Preclinical informatics: HDinHD

Preclinical informatics: HDinHD

In our role as a collaborative enabler, CHDI has made a concerted effort to disseminate both preclinical and clinical data to the wider HD scientific community. In support of preclinical research, CHDI has deposited primary data, much of it unpublished, in community databases and developed a website, Huntington’s Disease in High-Definition (HDinHD) to:

  • provide HD-related primary scientific data;
  • share analyses and computational models derived from such data;
  • provide browsing and data interrogation tools that facilitate data exploration and hypothesis generation; and
  • establish a forum for HD researchers to highlight their data, tools, know-how and insight to the community.

CHDI continues to submit a substantial dataset of gene and protein expression data, across a number of tissues and ages, primarily from the Mouse Htt Allelic Series project. The data is deposited into databases maintained at the National Center for Biotechnology Information (NCBI) and the European Bioinformatics Institute (EBI). Gene expression data can be found at NCBI’s Gene Expression Omnibus (GEO). Protein expression data can be found at EBI’s PRoteomics IDEntifications (PRIDE) database.

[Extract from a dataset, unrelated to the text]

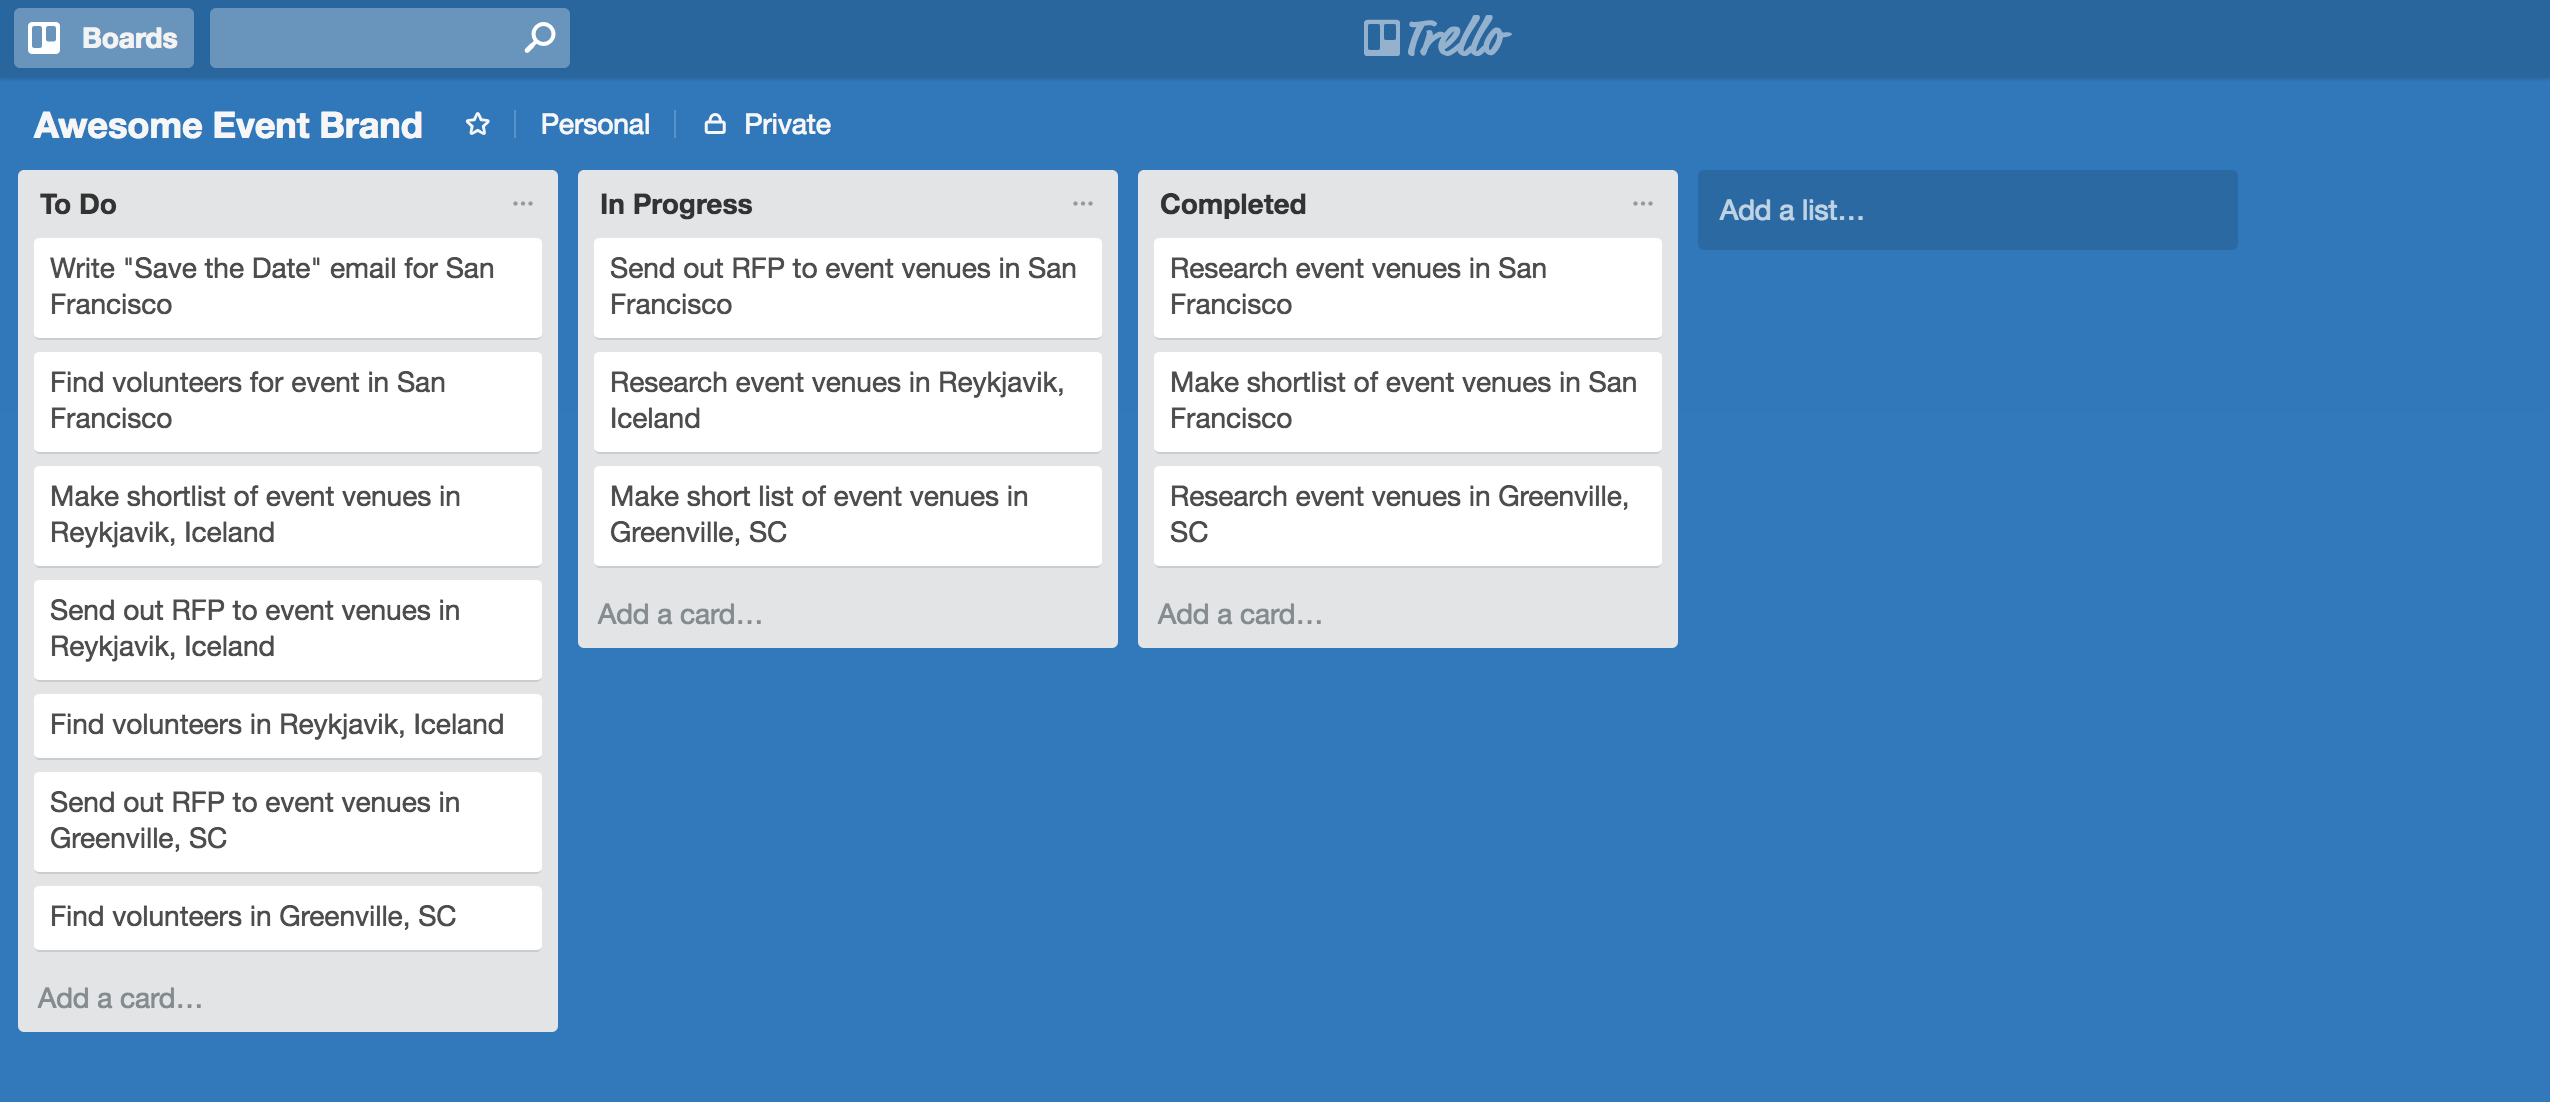 sample trello boards for project management

The Mouse Htt Allelic Series Project—a collaboration between CHDI, Massachusetts General Hospital and PsychoGenics—is a longitudinal study that has generated a coherent dataset from a series of mHtt knock-in mice (Langfelder et al., 2016) with increasingly long CAG repeats (ranging from 18 to ~175 CAGs), thereby coding for increasingly longer polyglutamine stretches within the mHtt protein. As in other triplet repeat diseases, the age of onset of HD is inversely correlated to the length of repeat expansion. By studying mice with varying CAG repeat lengths at different ages, we are looking to identify disease-related changes that correlate with length of disease-causing CAG repeat expansion. By 2016, both processed and raw next-generation sequencing data from roughly 2,800 mouse central and peripheral tissue samples were deposited into NCBI’s GEO and Sequence Read Archive (SRA). Similarly, mass-spectrometry proteomics data from mouse striatal tissue was deposited into PRIDE. In 2017, proteomics data from 4 additional tissues from Htt allelic series mice were deposited into PRIDE. Currently, PRIDE contains proteomics data from around 970 tissue samples.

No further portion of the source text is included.